Вспоминает Станислав Агрэ

«Он бывал у меня ещё несколько раз. А я у него — намного чаще, пожалуй, чаще, чем раз в неделю. И так — три с лишним года до самого отъезда в Америку в декабре 1990-го.

Через некоторое время АН произвёл меня в магистры Ордена Святого Мики — сказал, что слово „президент“ тут не подходит.

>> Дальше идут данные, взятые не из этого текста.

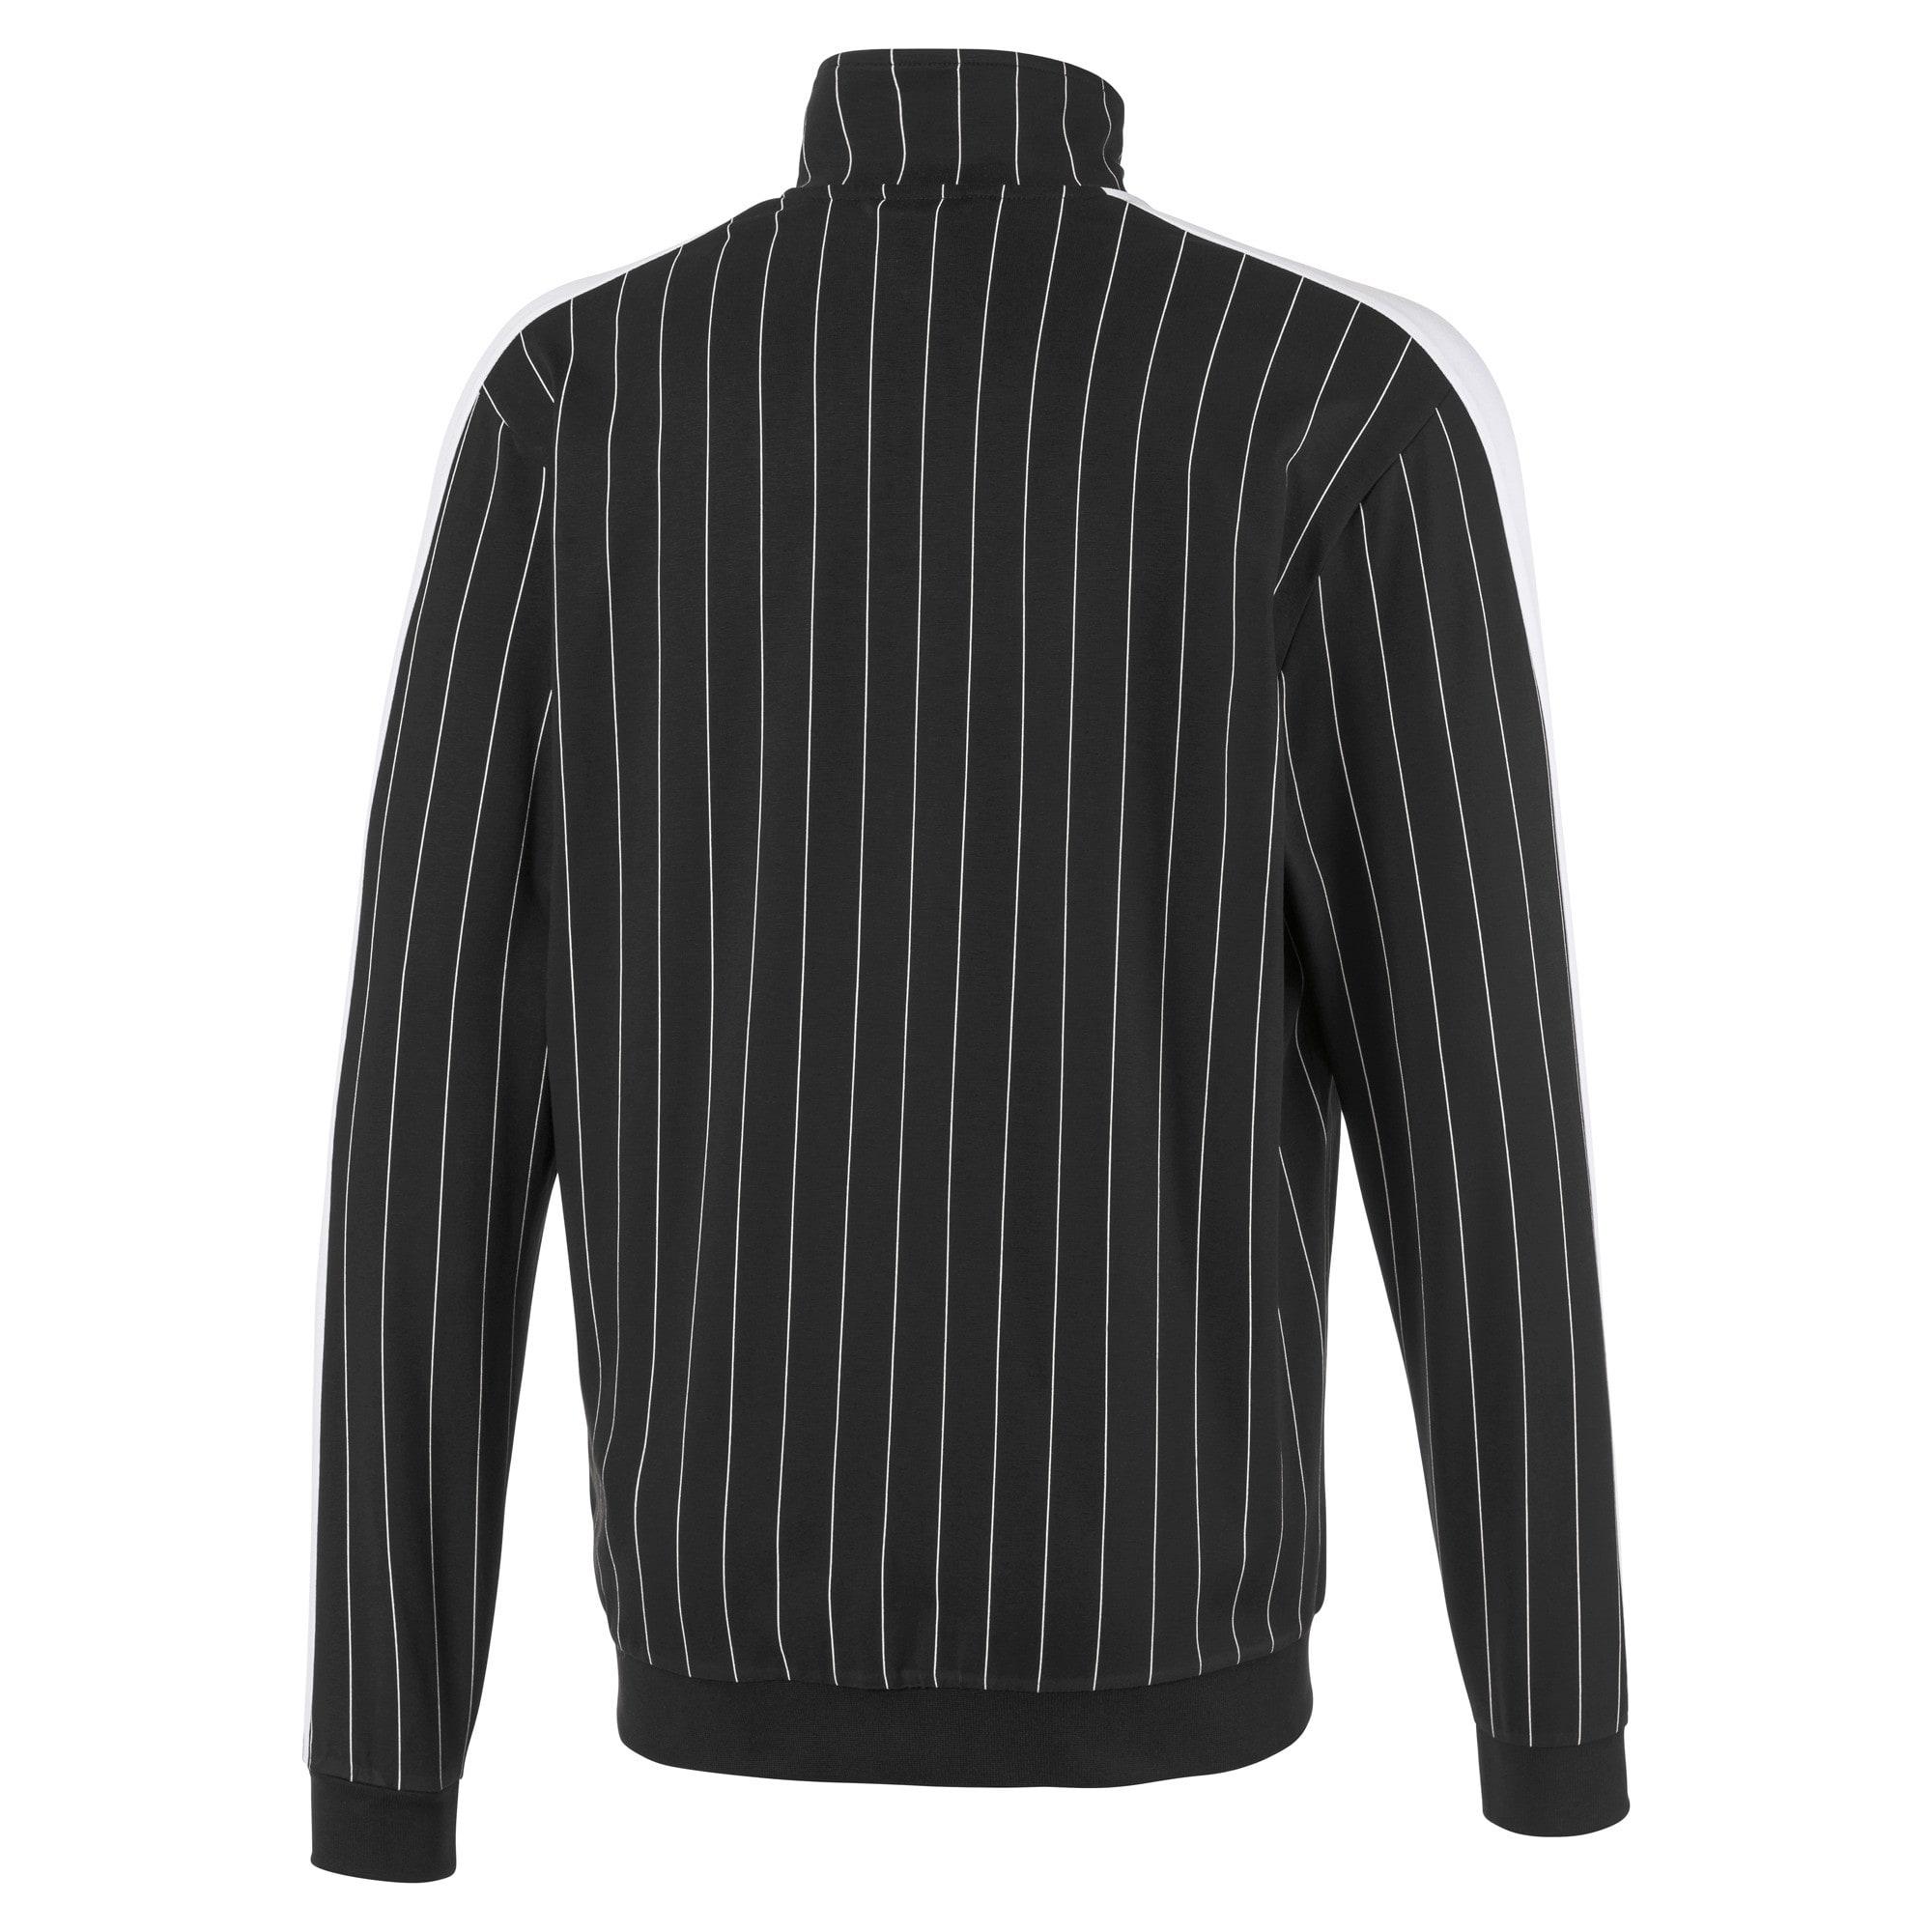 Thumbnail 2 of Archive Pinstripe T7 Men's Track Jacket, Cotton Black, medium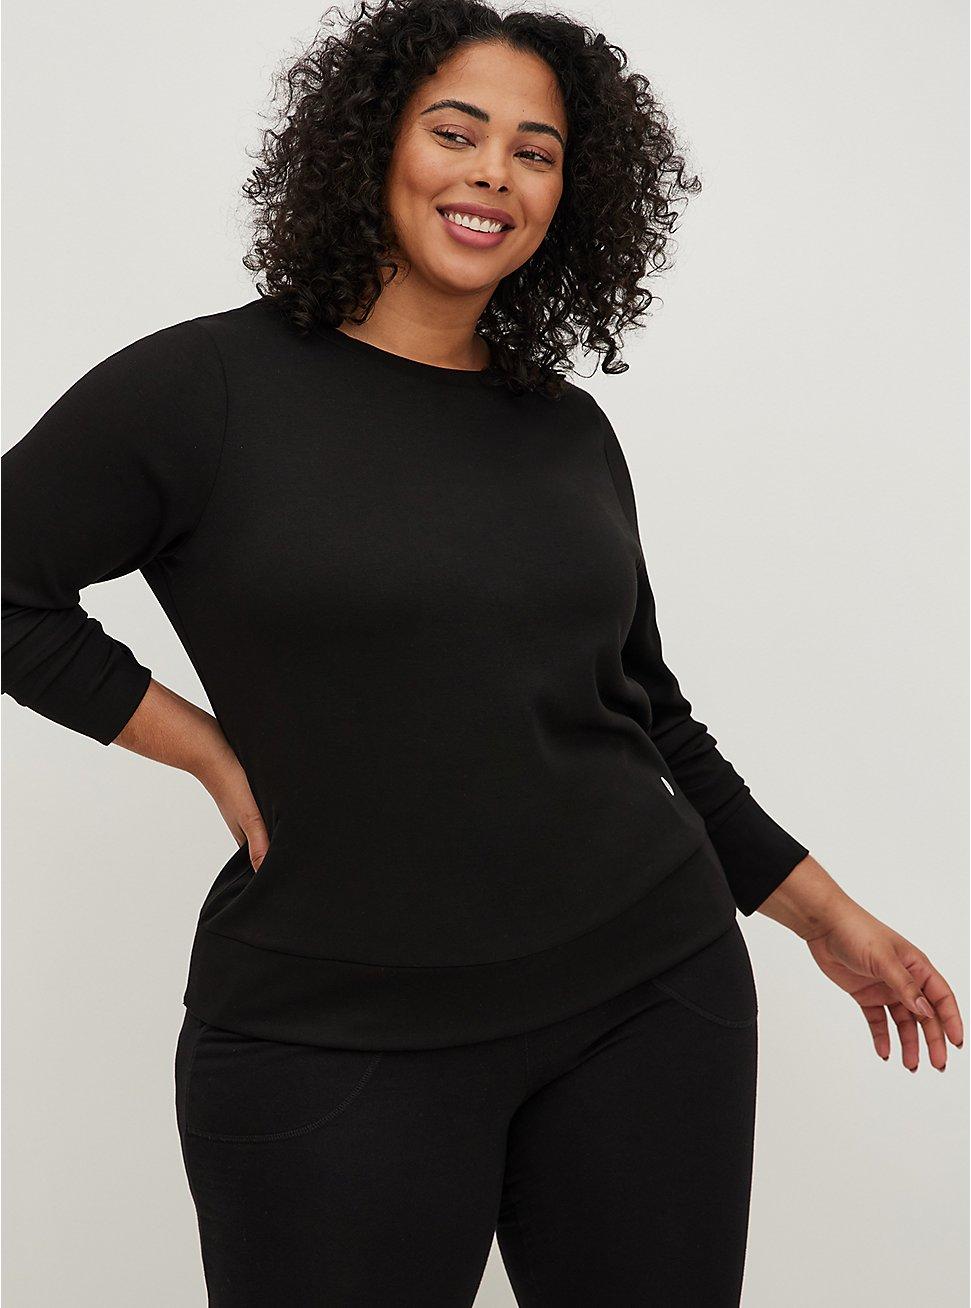 Plus Size Black Cupro Active Sweatshirt, BLACK, hi-res

У меня установились необыкновенно тёплые отношения и с Еленой Ильиничной. Когда АН работал, мы, бывало, подолгу беседовали с ней на кухне, как правило, о проблемах чисто практических или, как говорится, „за жизнь“. Я понимал, как нелегко быть женою великого человека, всю жизнь быть в его тени, поэтому я всегда старался быть с ней как-то помягче, понежней, и она чувствовала это и платила тем же. АН сам говорил мне о том, как она меня любит. Когда стало совсем плохо с продуктами и в магазинах уже не было ровным счётом ни черта, а на рынках очень дорого, я познакомился с мясниками, и за небольшую доплату брал у них прекрасные куски не столько для себя, сколько для АНа, и частенько сам разделывал это мясо на кухне под руководством Елены Ильиничны. Потом стал покупать и другие продукты. Я стал для них почти членом семьи.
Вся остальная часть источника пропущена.